REQUIRED WORK:
No line before the one holding "Luggage clipart brown" is to be copied; that line and all after it, through the end of the listing, are returned exactly, minus pictures.

DATA EXCERPT:

::::

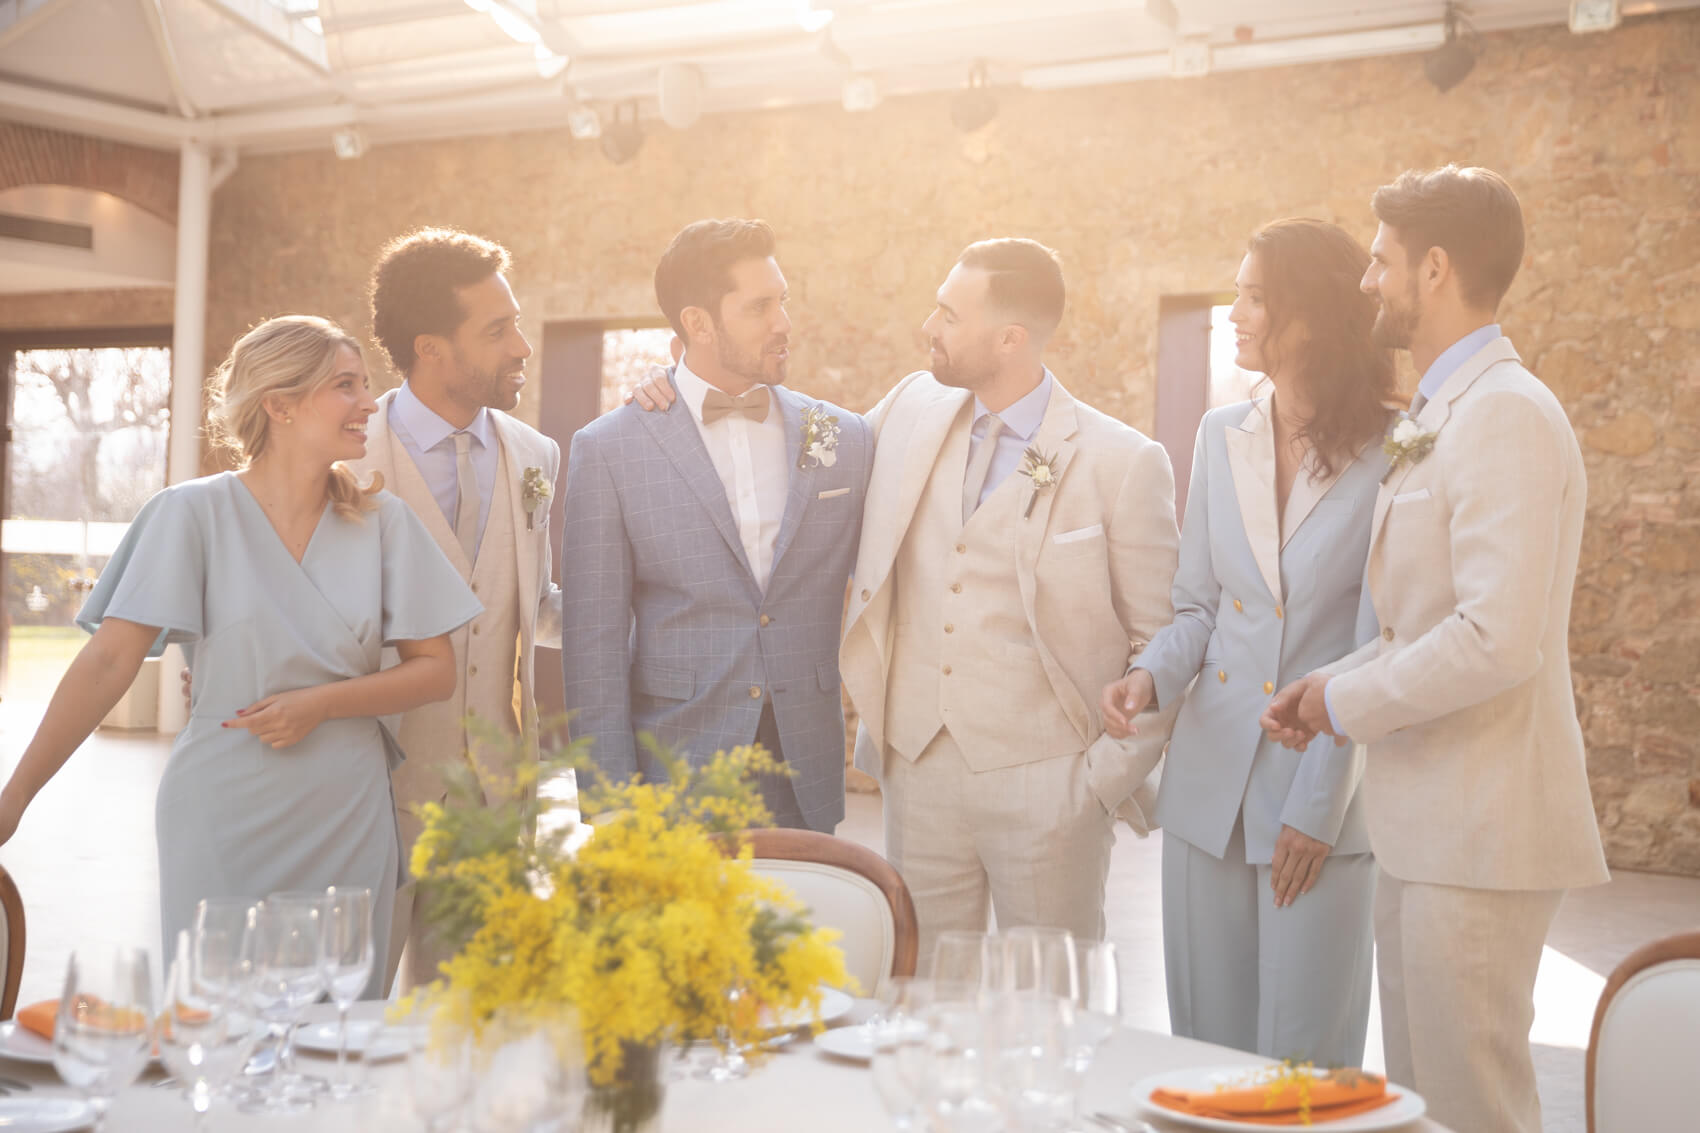 Beige Wedding Suits: The Perfect Choice for a Summer Wedding
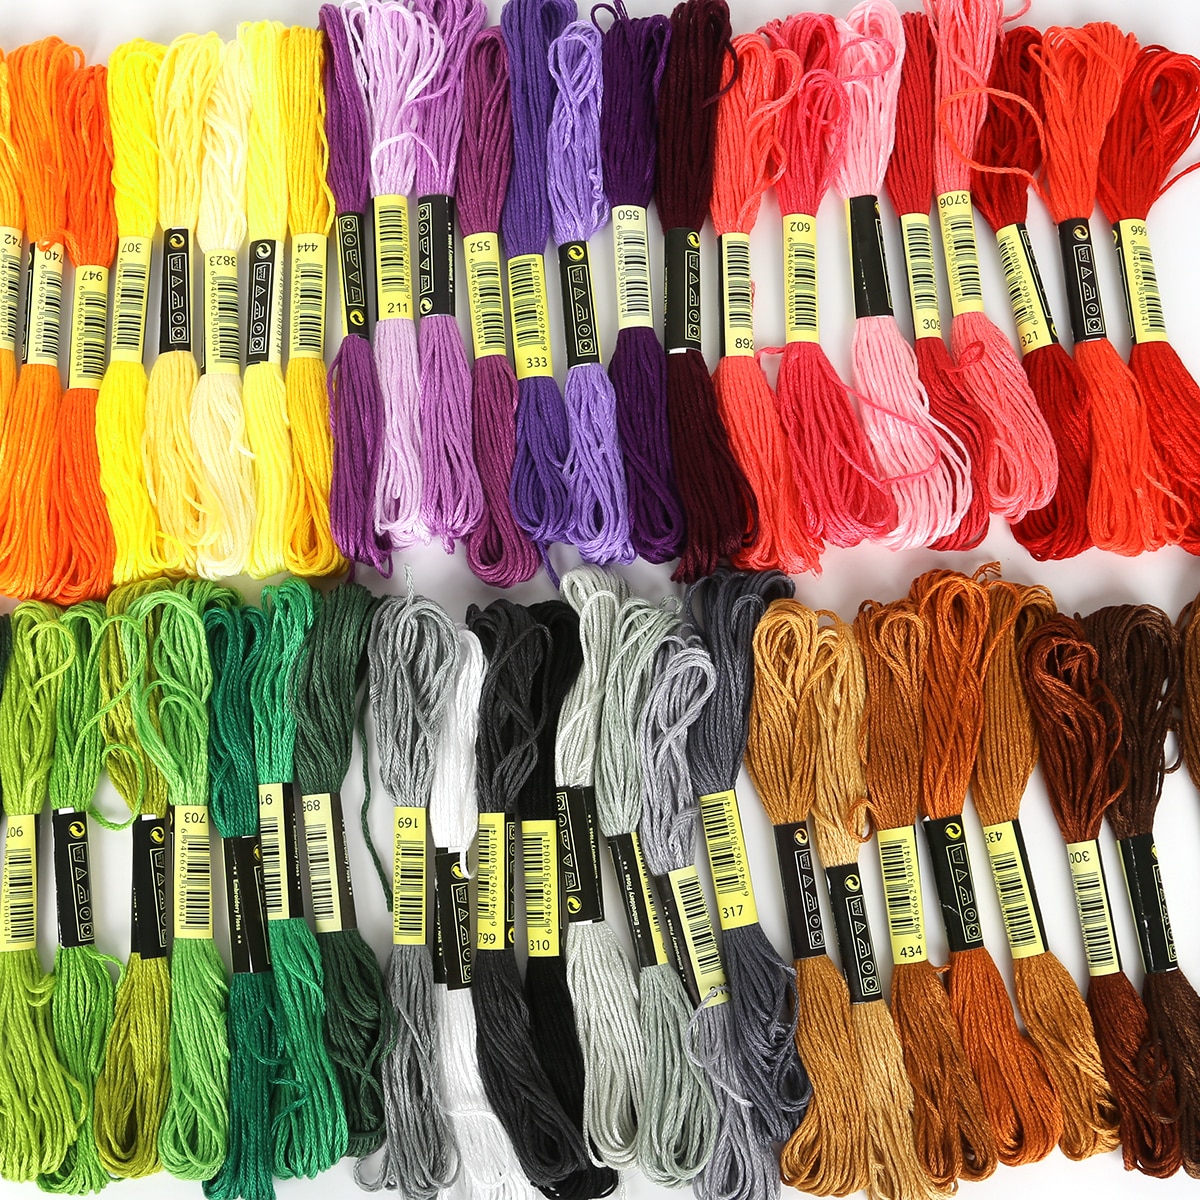 8 pcs/lot Various Colors DMC embroidery floss Cross Stitch Cotton Embroidery Thread Floss Sewing Skeins Craft
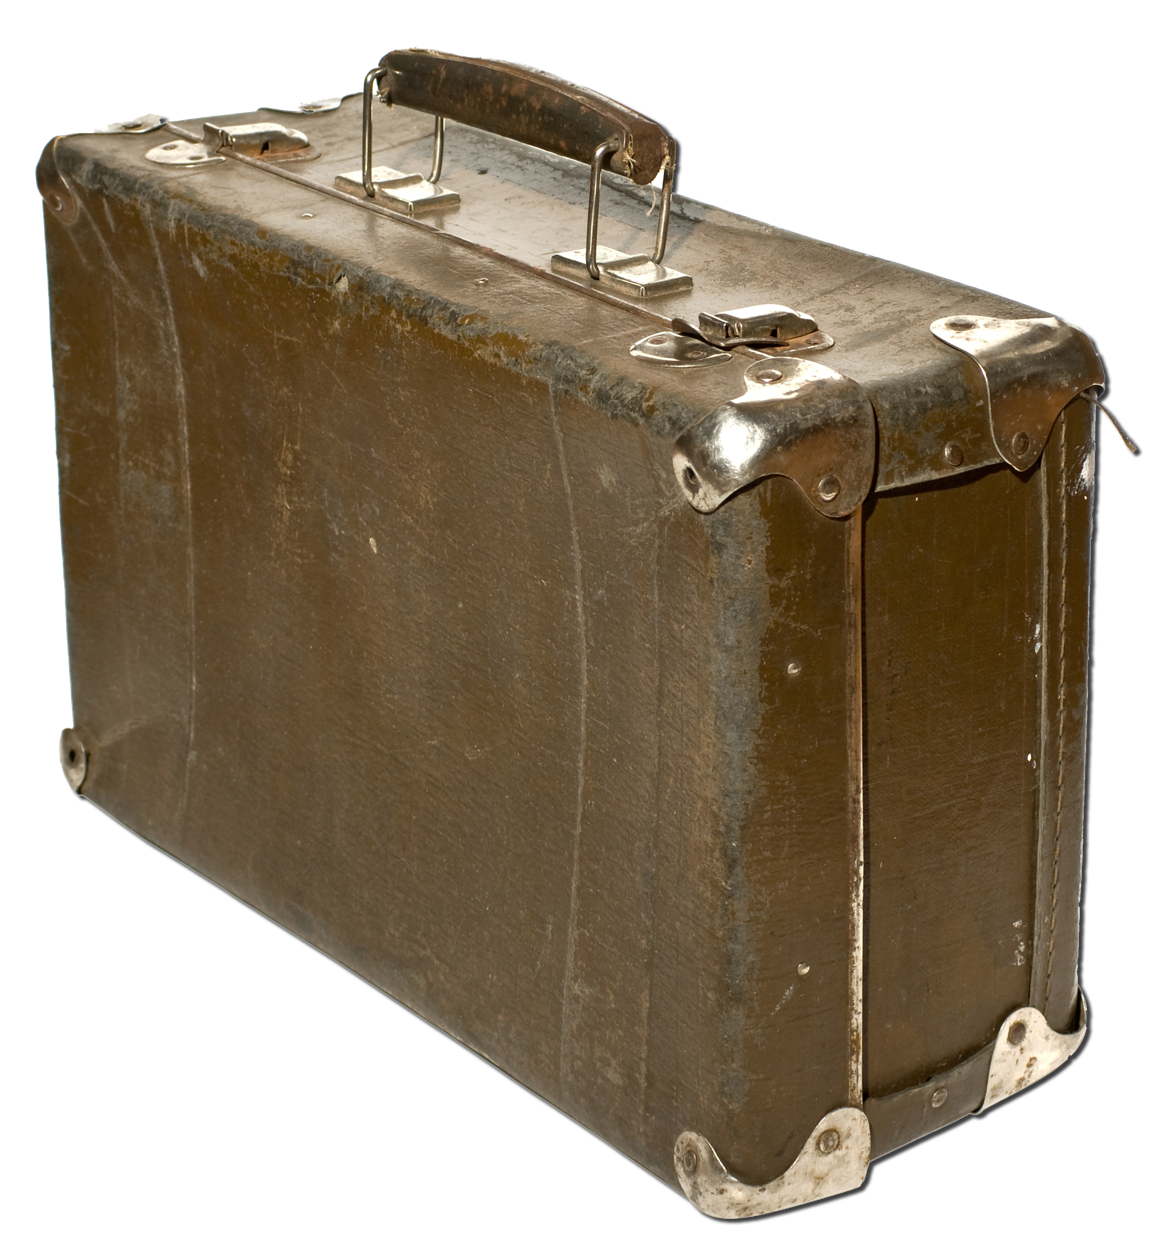 Luggage clipart brown suitcase. Png images transparent free
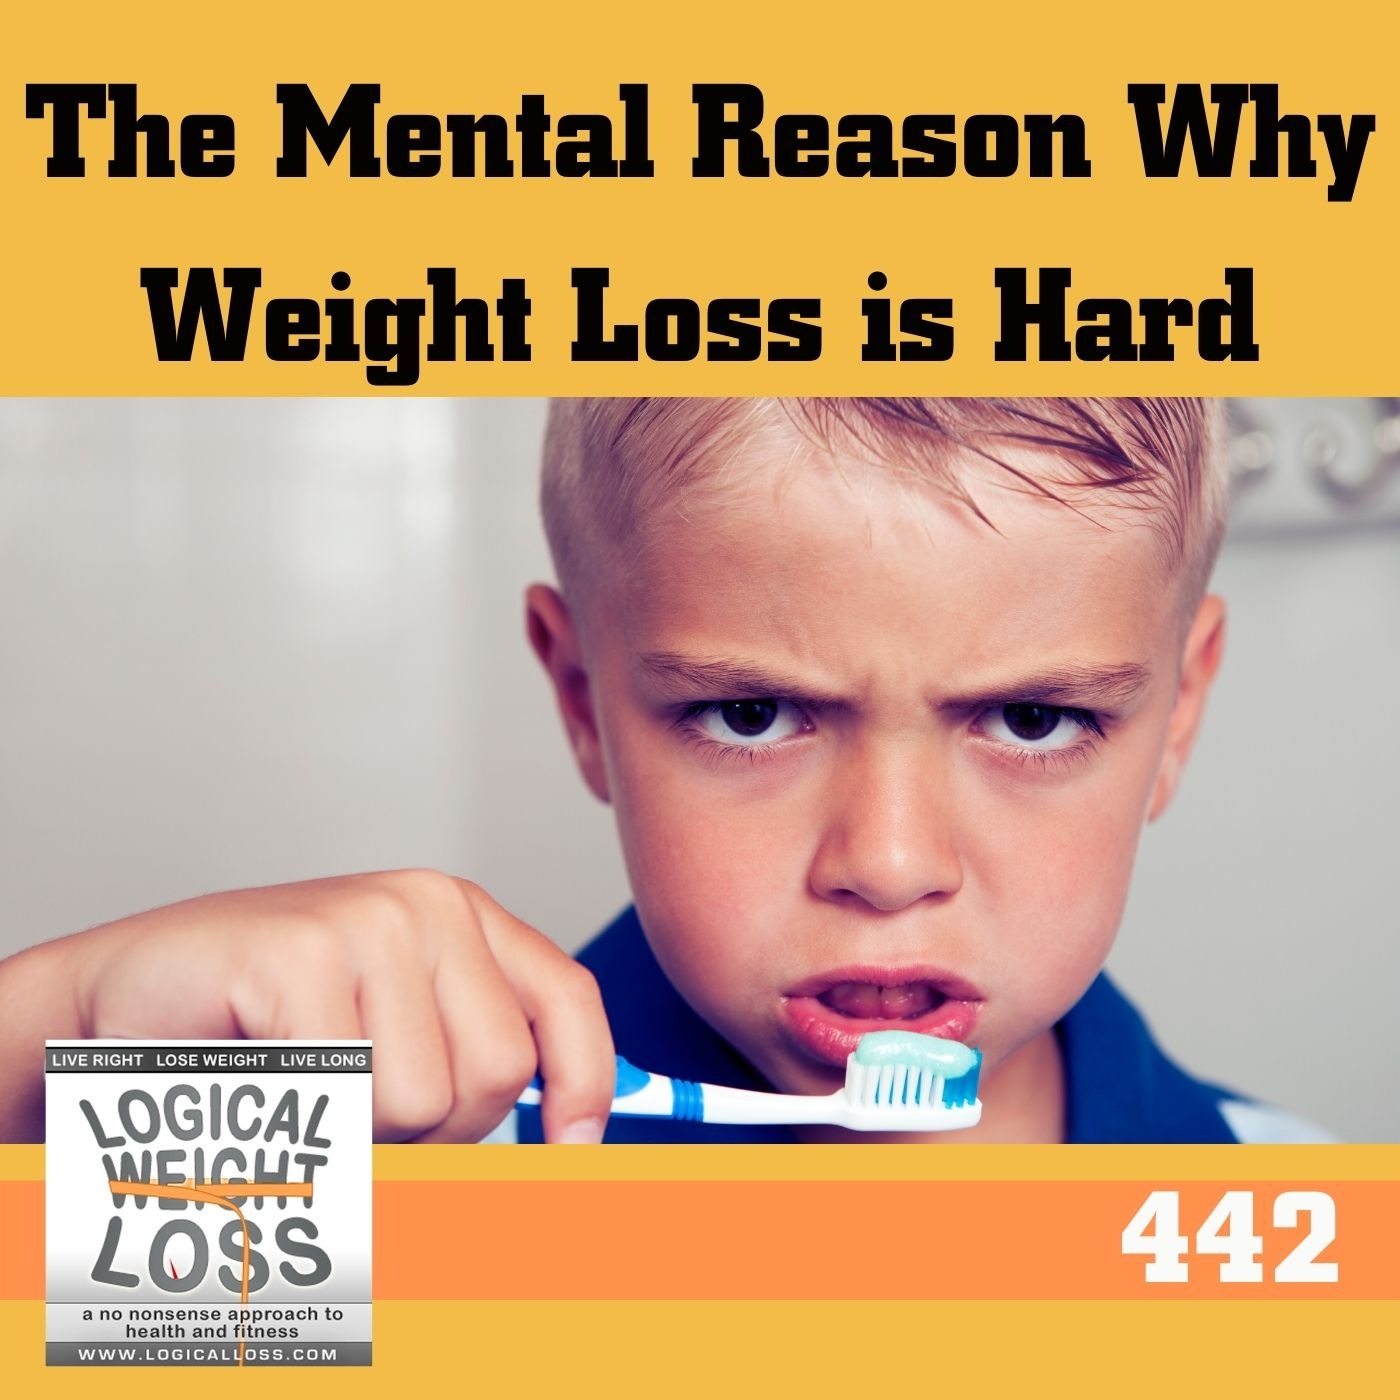 The Mental Reason Why Weight Loss is Hard Image

::::

FINISHED TASK:
 Luggage clipart brown suitcase. Png images transparent free
 The Mental Reason Why Weight Loss is Hard Image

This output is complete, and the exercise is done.